All of these hormonal birth control methods have very high effectiveness rates. While human error, such as forgetting to take the Pill one day, can make some of these birth control methods less effective, using a barrier method, such as a condom, is a great way to back up your birth control. Backing up your birth control helps prevent unplanned pregnancy and protects against sexually transmitted diseases, which hormonal birth control methods do not protect you from.

Taking all of this into consideration is important when choosing a birth control method. Although not all hormonal methods are talked about frequently, all of them are dependable, affordable and reversible options for most teens.

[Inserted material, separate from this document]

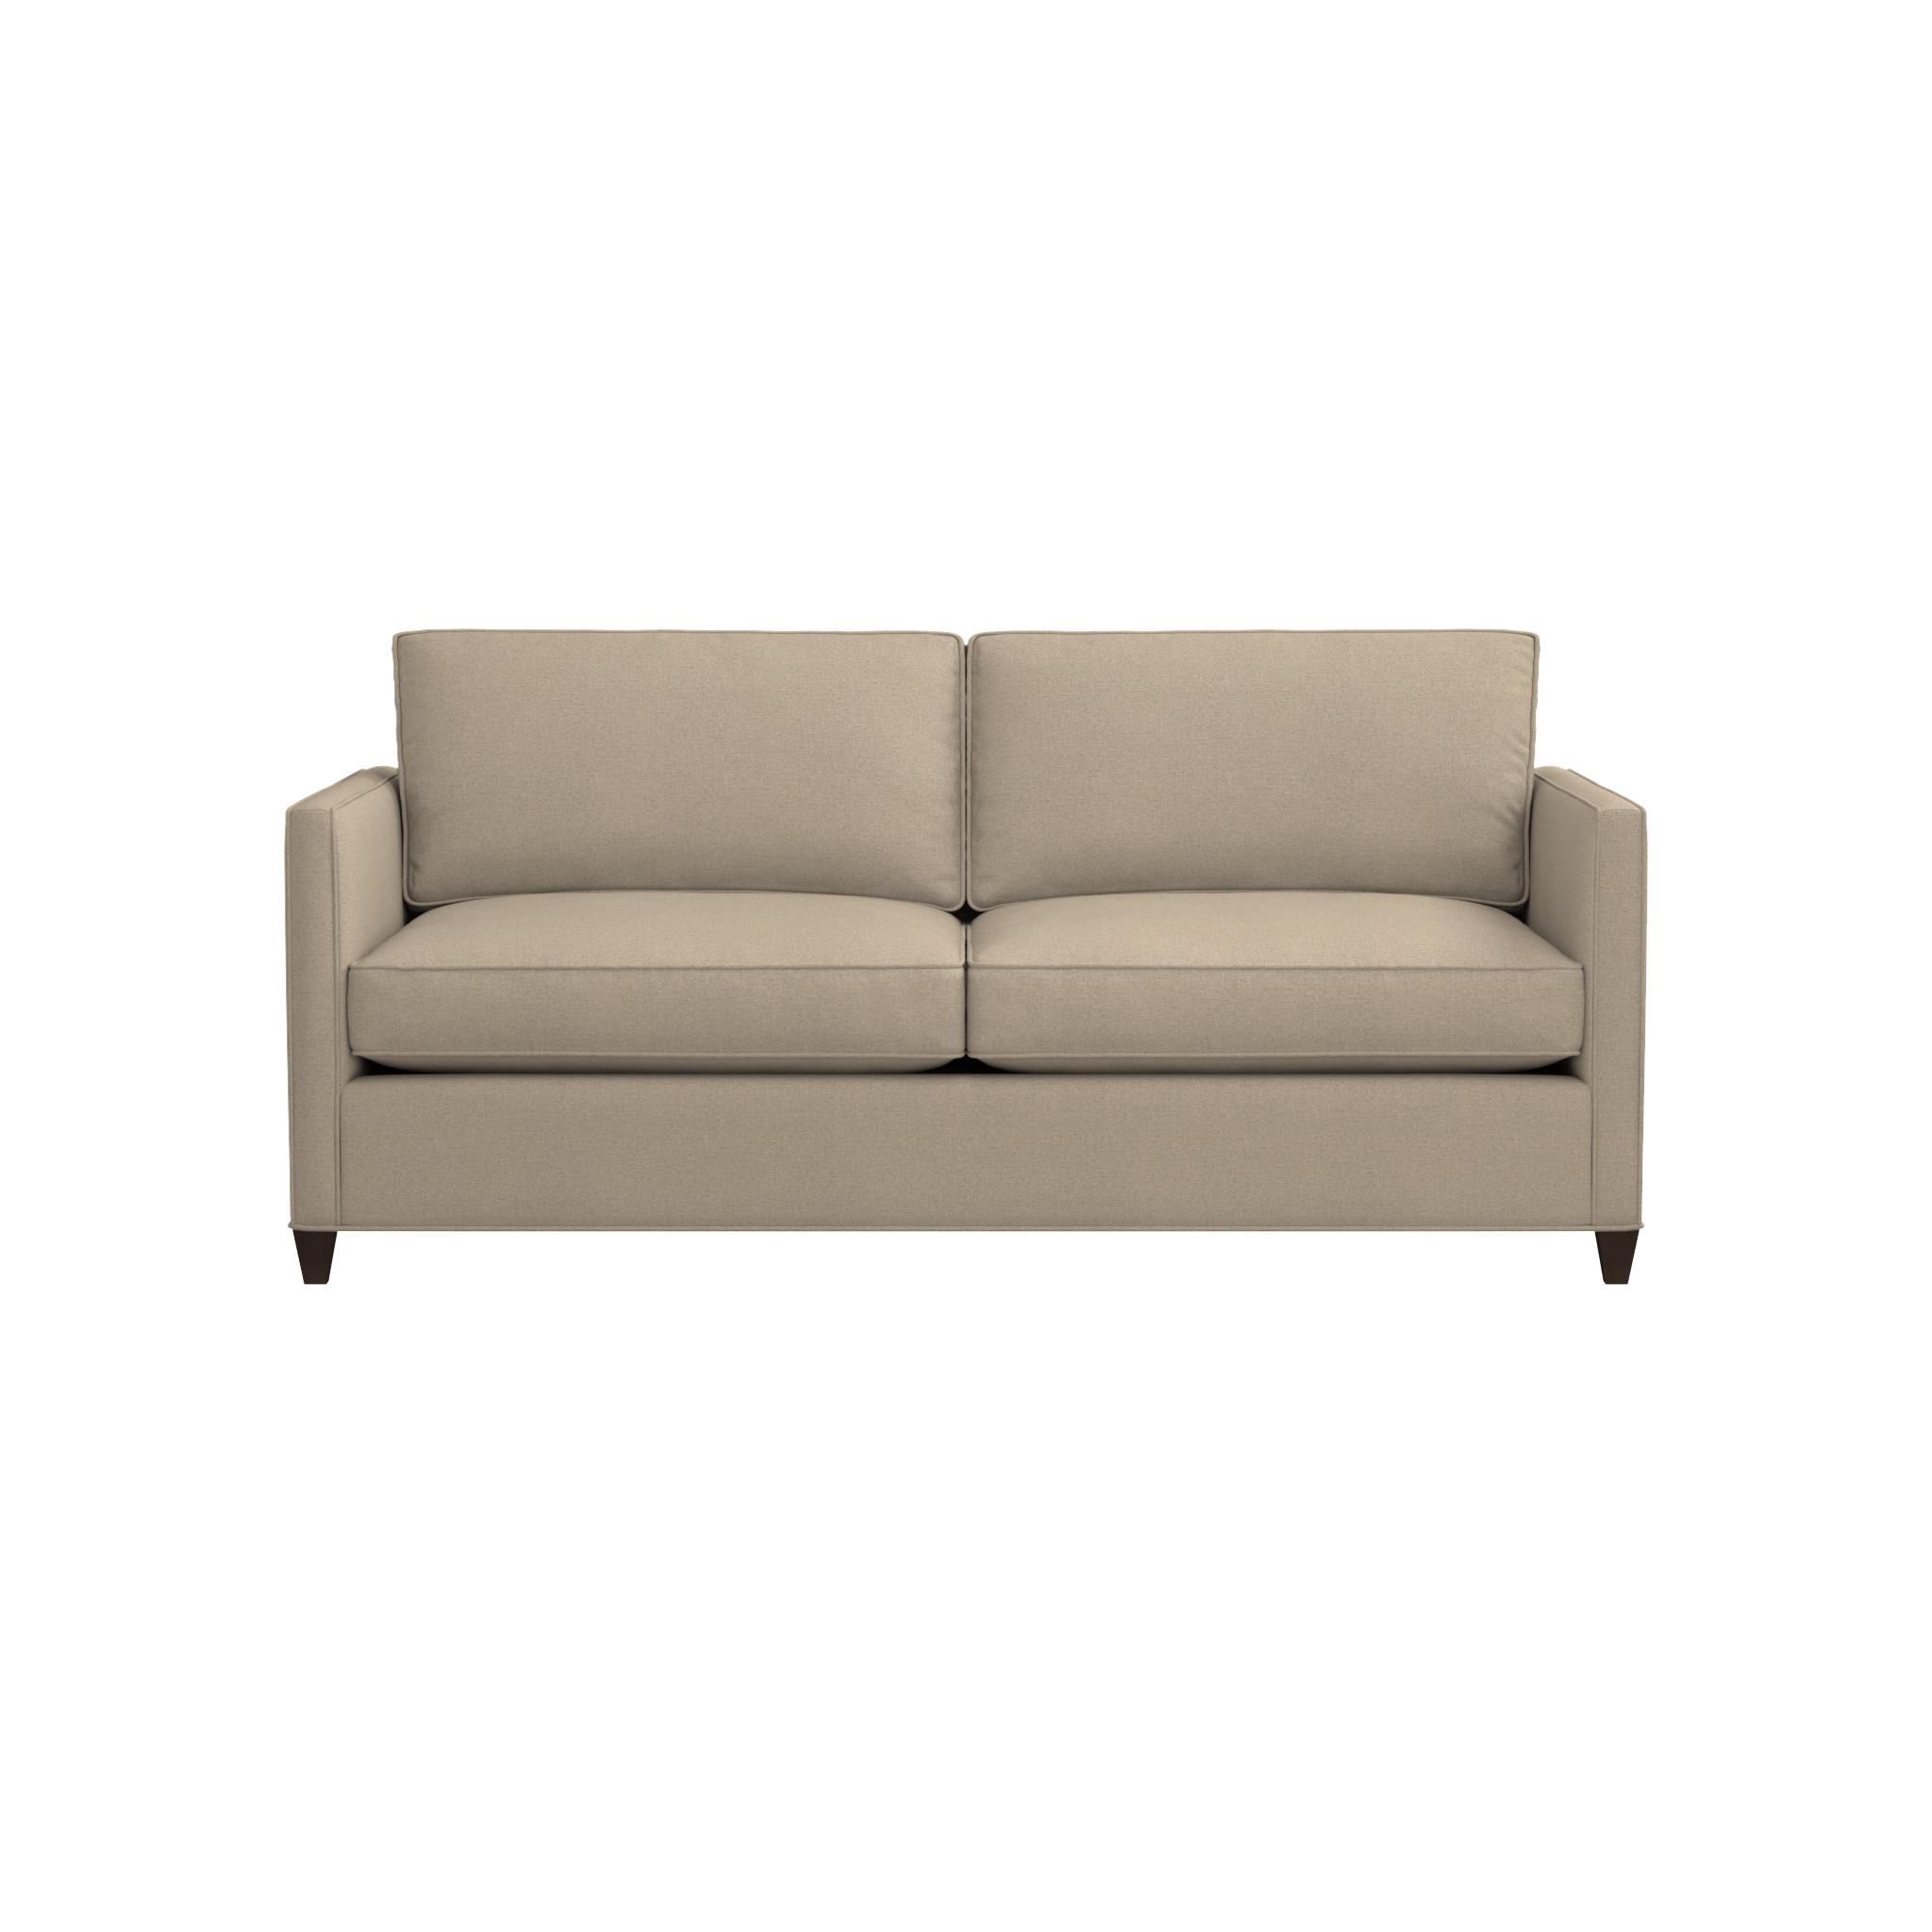 dryden apartment sofa pinterest classic definition nailhead rh pinterest co uk Best Sleeper Sofa Best Sleeper Sofa

Even so, figuring out which birth control method you actually want to use means deciding what factors are most important to you, whether it is the price of the birth control or effort required to use it. In the end, it’s a matter of what works best for you.

Birth Control & the Affordable Care Act

The Affordable Care Act requires that all health insurance providers cover FDA-approved hormonal birth control, when filled at a network drugstore, without charging the person who is insured a co-payment. Keep in mind that if you’re on your parents’ health insurance, their insurance will report what prescriptions have been covered.

In addition, for those methods and/or brands that are not covered by health insurance, many Planned Parenthood locations and local clinics allow women to pay for their birth control at a reduced rate.